Makaron po włosku z brukselką
Dzieci moje, a właściwie głównie jedno, tak mi wczoraj dały popalić, że jestem totalnie wykończona. Padam i nie mam ochoty na nic. A najgorsze jest to, że przysposobienie mam takie, że nie umiem odpoczywać w dzień. Drzemka pomogłaby mi zdecydowanie, zwłaszcza, że czosnki po wczorajszych harcach padły. Zawsze mam tyle do zrobienia, że miałabym poczucie, że tracę czas. Głupie to wiem, ale nie umiem inaczej. Tyle słowem wstępu – musiałam się wytłumaczyć, gdyby okazało się potem, że jakieś głupoty powypisywałam.

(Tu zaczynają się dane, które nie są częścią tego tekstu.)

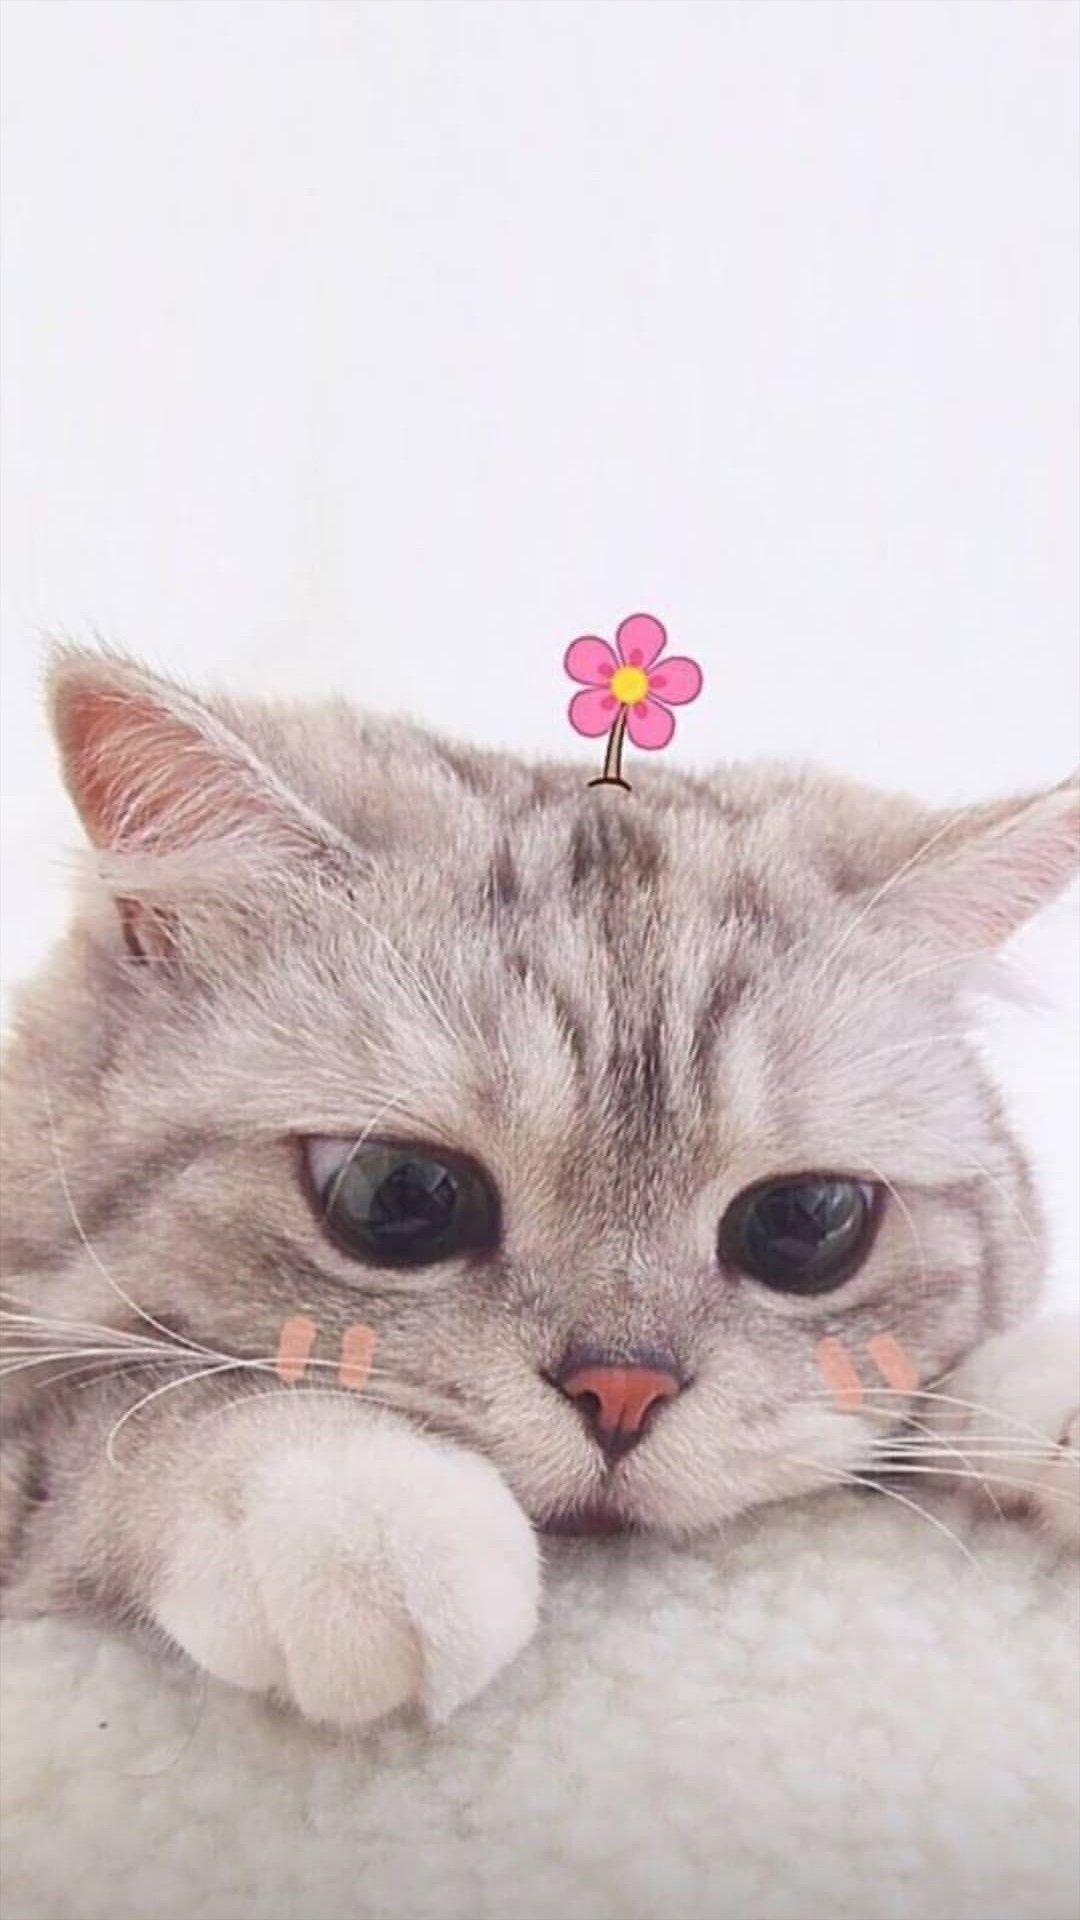 Wallpaper Kucing Cantik Gambar Anjing Lucu Fotografi Hewan

A i przy okazji. Kochani – Czosnek w Pomidorach bierze udział w konkursie Blog Roku 2013. Od wczoraj do 06.02 trwa II etap konkursu, czyli głosowanie sms’owe. Bardzo proszę Was o 1 głos.
Wyślijcie sms pod numer 7122 o treści C00066. Koszt takiego sms’a wynosi 1,23 pln brutto. Fajna jest też informacja, że dochód z sms’ów zostanie przekazany łódzkiej fundacji Gajusz, która prowadzi hospicjum dla dzieci osieroconych. Z jednego numeru możecie wysłać jeden sms.
Z góry bardzo Wam dziękuję i kłaniam się nisko.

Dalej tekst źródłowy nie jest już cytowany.